Como eu simplesmente amo psicologia e psiquiatria, tentei construir um psicológico transtornado alinhado com a história da personagem.

Shivani
o manipulado se torna o manipulador.

MBTI dela é ENTP-A, uma personalidade inovadora e criativa, mas também muito intuitiva e insensível.

O comportamento obsessivo compulsivo que a personagem se encontra (no livro vindo de uma maldição) é uma inspiração romantizada dos síntomas de TOC grave e do comportamento de pessoas com transtorno bipolar e sociopatia.

Sintomas no humor de pessoas com obsessão podem variar de ansiedade, violência consigo mesmo e outros, apreensão, ataque de Pânico, culpa, hipervigilância, impulsividade, obsessões sexuais, movimentos ou comportamentos repetitivos. Obsessões com imagens intrusivas e persistentes.

Os sintomas de sociopatia que inspiraram os comportamentos da personagem são: comportamento manipulador, comportamentos de risco, desonestidade, hostilidade, irresponsabilidade, agressão, irritabilidade ou falta de moderação, descontentamento geral, raiva, tédio, abuso de substâncias, dependência física de substâncias.

Assim começamos nossa análise, esse comportamento se dá pela contingencia do ambiente em que ela cresceu e do ambiente em que ela vive.

Shivani cresceu num ambiente afetivamente inibido, em que sucesso era a moeda de troca para atenção. Sem contato exterior com crianças da mesma idade nem com pais emocionalmente presentes. Ela se apoiou na disciplina que era a presença paterna por seus primeiros dez anos de infância, já com noções deturpadas de relacionamentos e moralidade, aprendendo princípios de violência e manipulação. Há um neurodesenvolvimento já pressuposto a fazer-la se tornar alguém com essas características.

Ela já cresceu em um ambiente tóxico, mesmo que colocasse o pai em um pedestal até certa idade. Até os dez anos Shivani não estava consciente da própria hipervigilância perto dele, de como ela confundia desconforto com necessidade de aprovação.

E é aqui que entra o ponto principal, que é quando ela quebra esse primeiro comportamento. Começa com o encontro com a mãe, a quebra das expectativas e a experiência traumática no local que deveria ser "especial". Shivani.

Existem três reações ao trauma: se render, fugir ou contra-atacar.

Shivani passa por todas as três em diferentes momentos. Primeiro ela se rende. Cedendo e recebendo à agressão e ao abandono da mãe, buscando ainda uma reação esperada de afeto, matando o homem que a importunava.
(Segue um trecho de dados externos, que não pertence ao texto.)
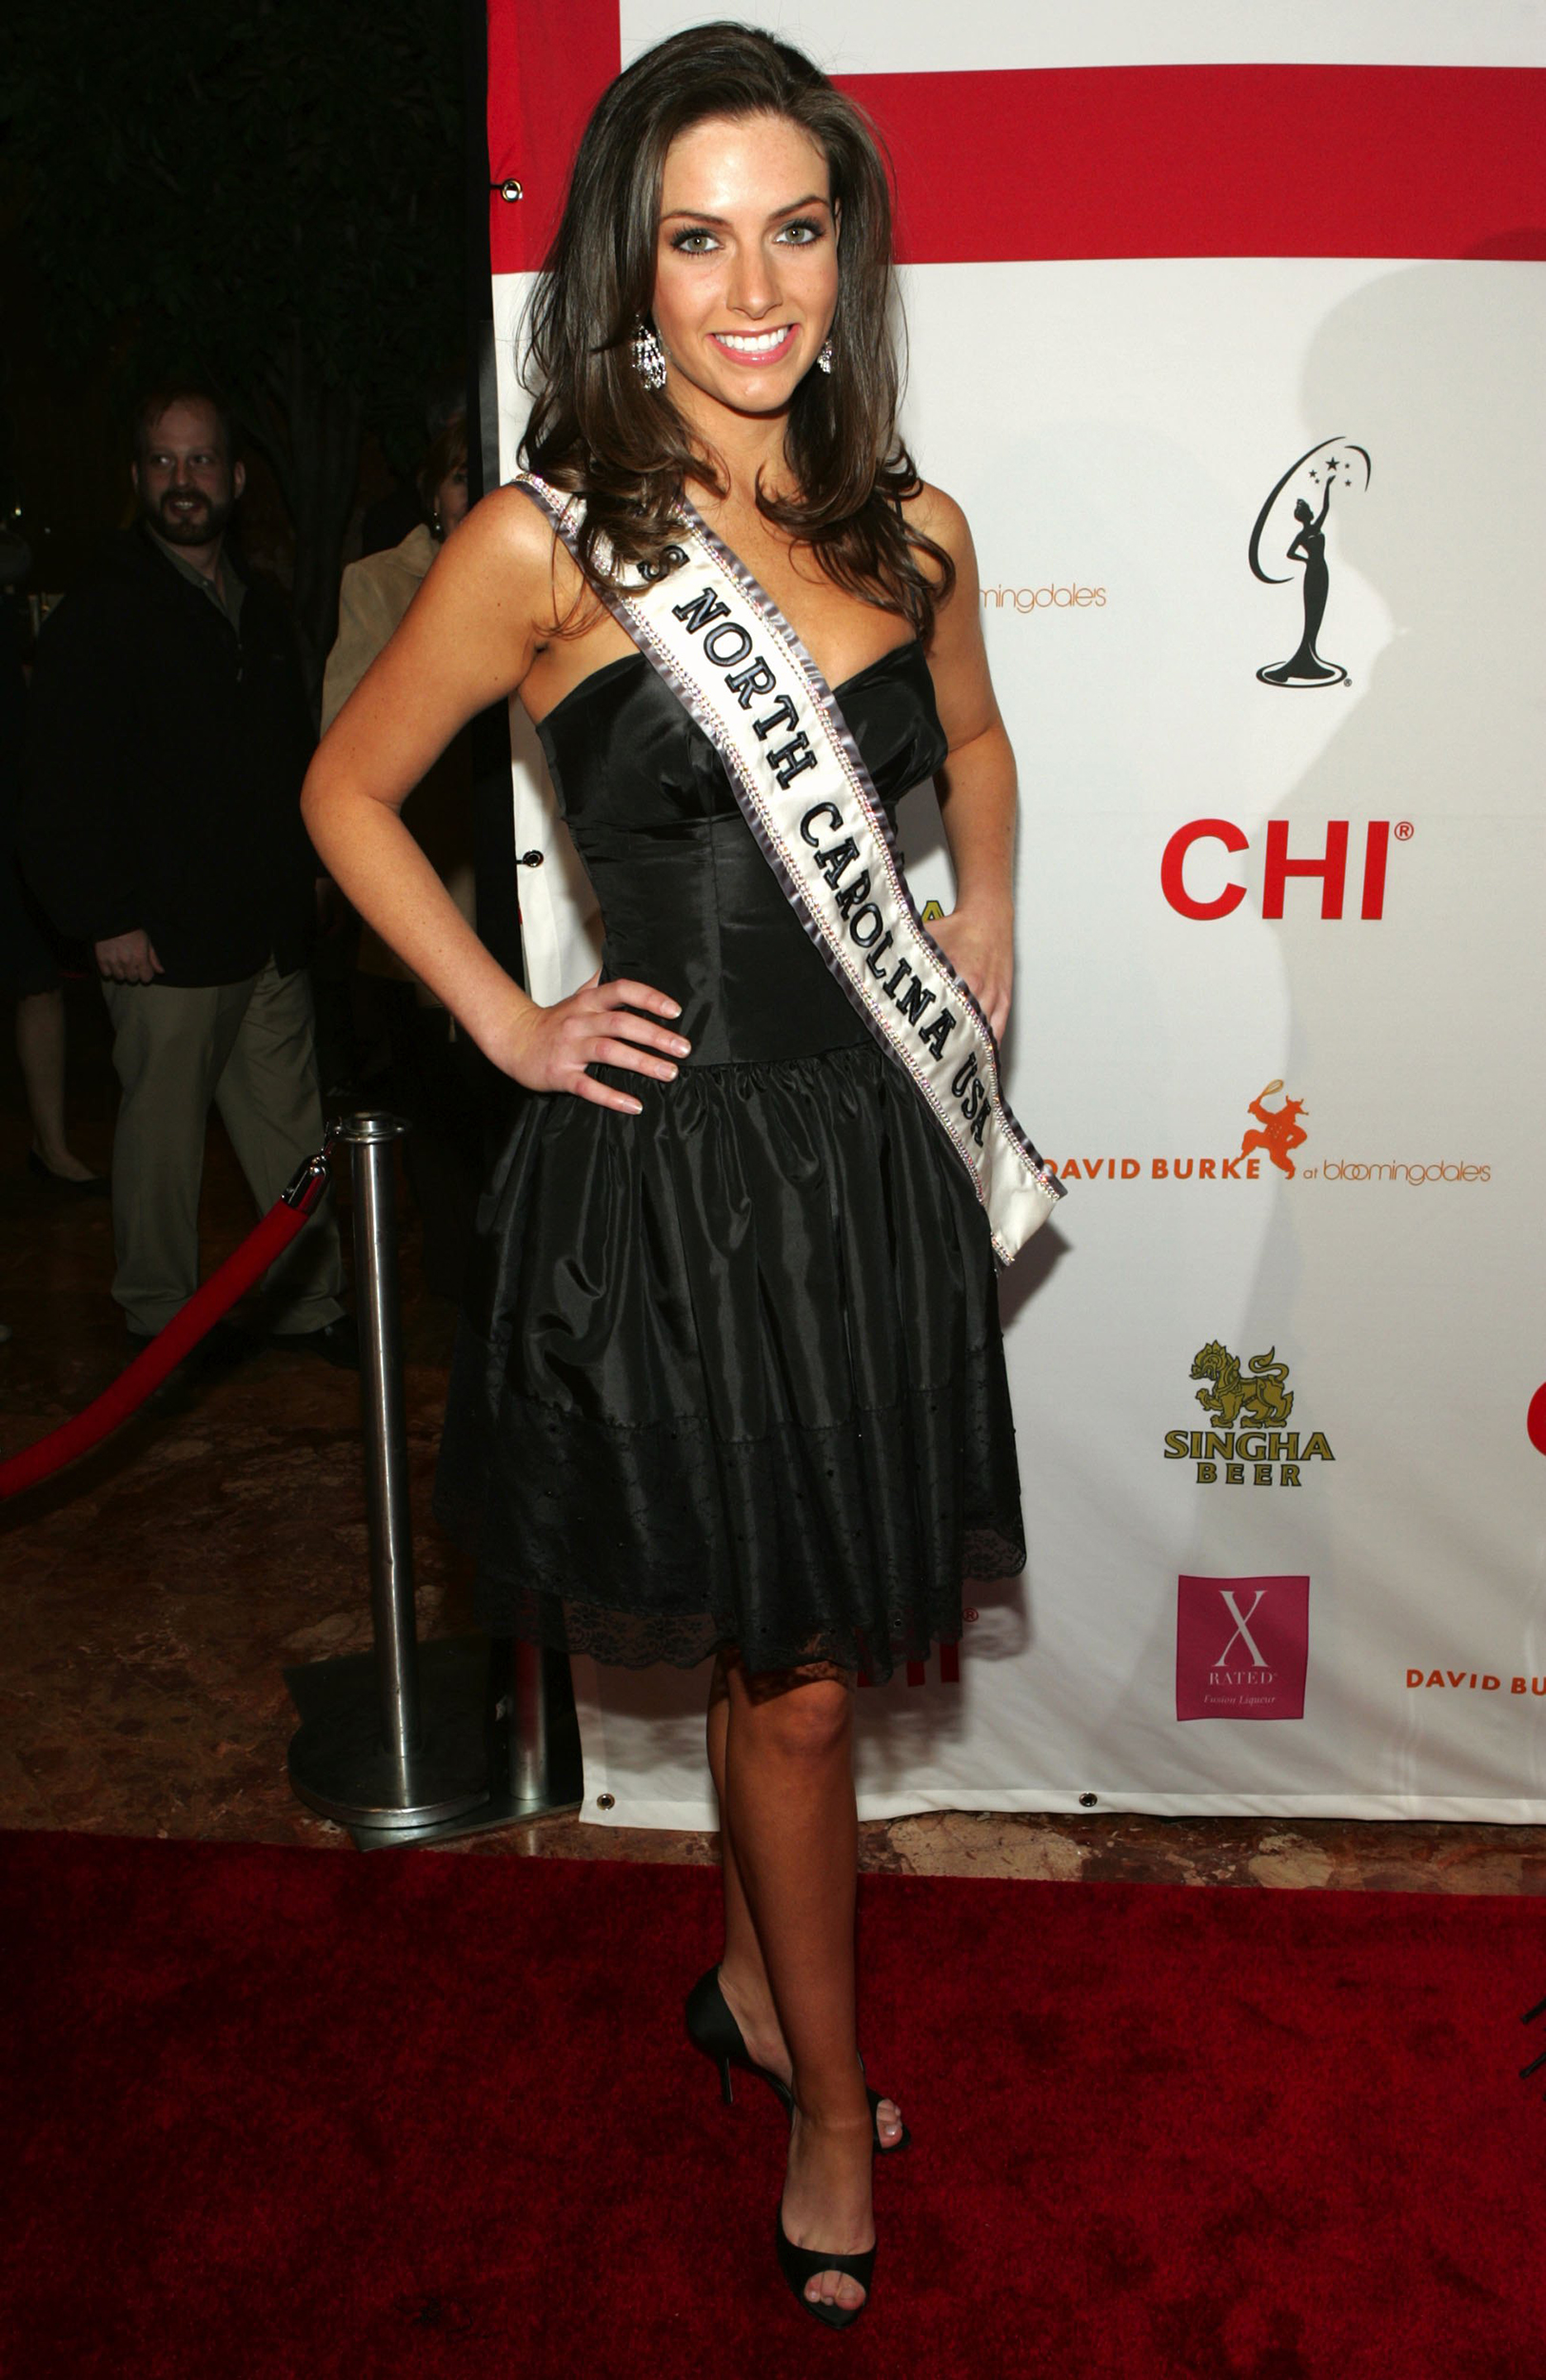 nbcnews.com - Opinion | Former Miss USA hopeful: Trump 'eyed me like a piece of meat'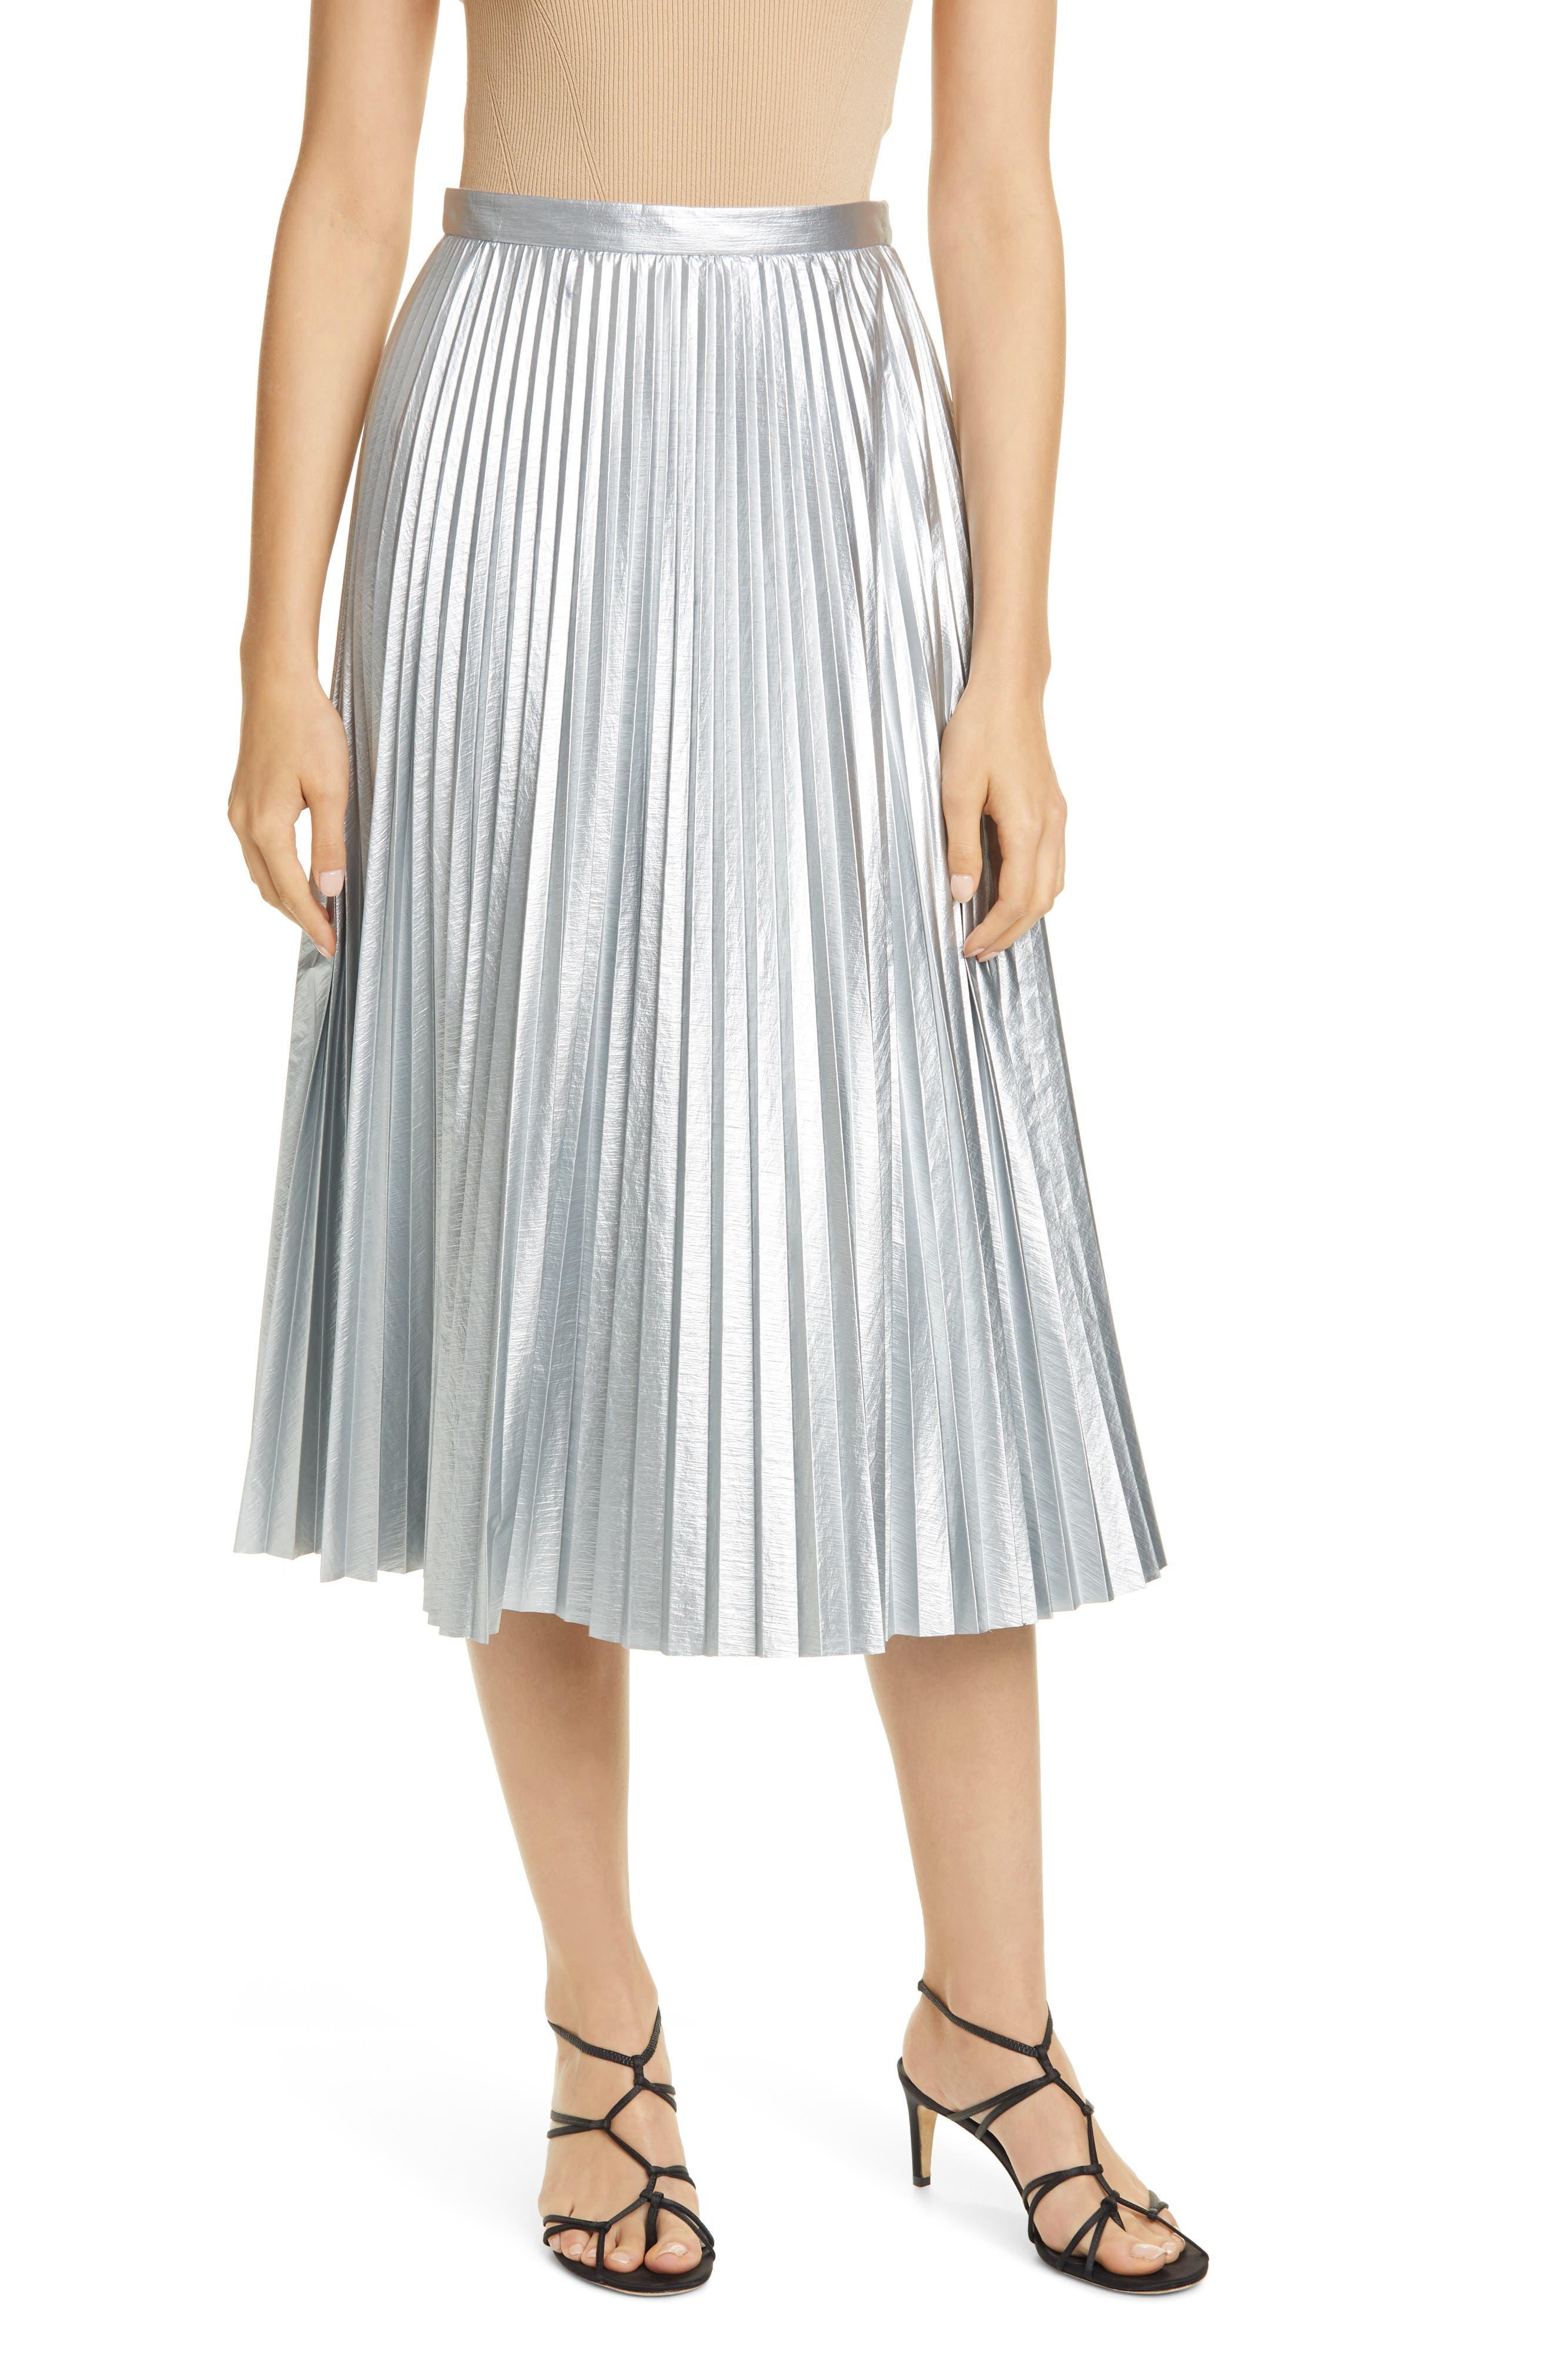 Image of Tibi Metallic Pleated Skirt

A partir daqui ela fica mais desequilibrada, pensando sobre suas atitudes e sobre o que vem acontecendo e como ela aceitava e via os comportamentos dos pais. Então quando é submetida a outro trauma, muito parecido com o primeiro, que envolvia machucar e matar pessoas, ela reage de uma forma diferente: fugir. Ela tenta evitar a situação de ferir outra pessoa de novo.

É aqui que temos uma das maiores mudanças psicológicas em Shivani, pois esse trauma vem das pessoa de sua maior confiança. Uma palavra fica marcada nela: covarde. E ela se torna extremamente importante para o desenvolver da personagem a partir desse ponto.

A última reação ao trauma acontece logo quando Shivani é mandada para o bordel, a reação de contra-atacar. Esse ambiente extremamente traumático é que a força a usar todas as ferramentas que conhece para sobreviver e que deixa nela uma marca de impotência. Ela decide ser pior, ser mais cruel, ferir antes de ser ferida.

Não apenas os planos de vingança mas a  reação constante de ameaças que seja ameaçada e atacar antes que seja atacada. Isso é algo que fica bem nítido nas relações dela depois que sai do bordel, é o fim da confiança.

Depois da saída do bordel é onde os traços sociopatas começam a se manisfestar. Os planos de vingança mesmo que contra o próprio sangue, a total falta de empatia, o contra ataque, e todas as outras características sociopatas.  Uma cena em que é possível ver os primeiros sinais é na cenas das freiras e de como ela cria uma moralidade própria, como ela rejeita todo o remorso e empatia e admite uma posição de autoproteção, na primeira cena ela pode estar se protegendo, mas assim que vemos como ela deixa a fábrica com as meninas queimarem, que aquilo ali já evoluiu para egoísmo e raiva que pode ser descontado mesmo em pessoas inocentes. E assim, tudo intensificado pelo estresse advindo do trauma e a possibilidade de uma vida totalmente voltada para seu eu maquiavélico: a vida pirata.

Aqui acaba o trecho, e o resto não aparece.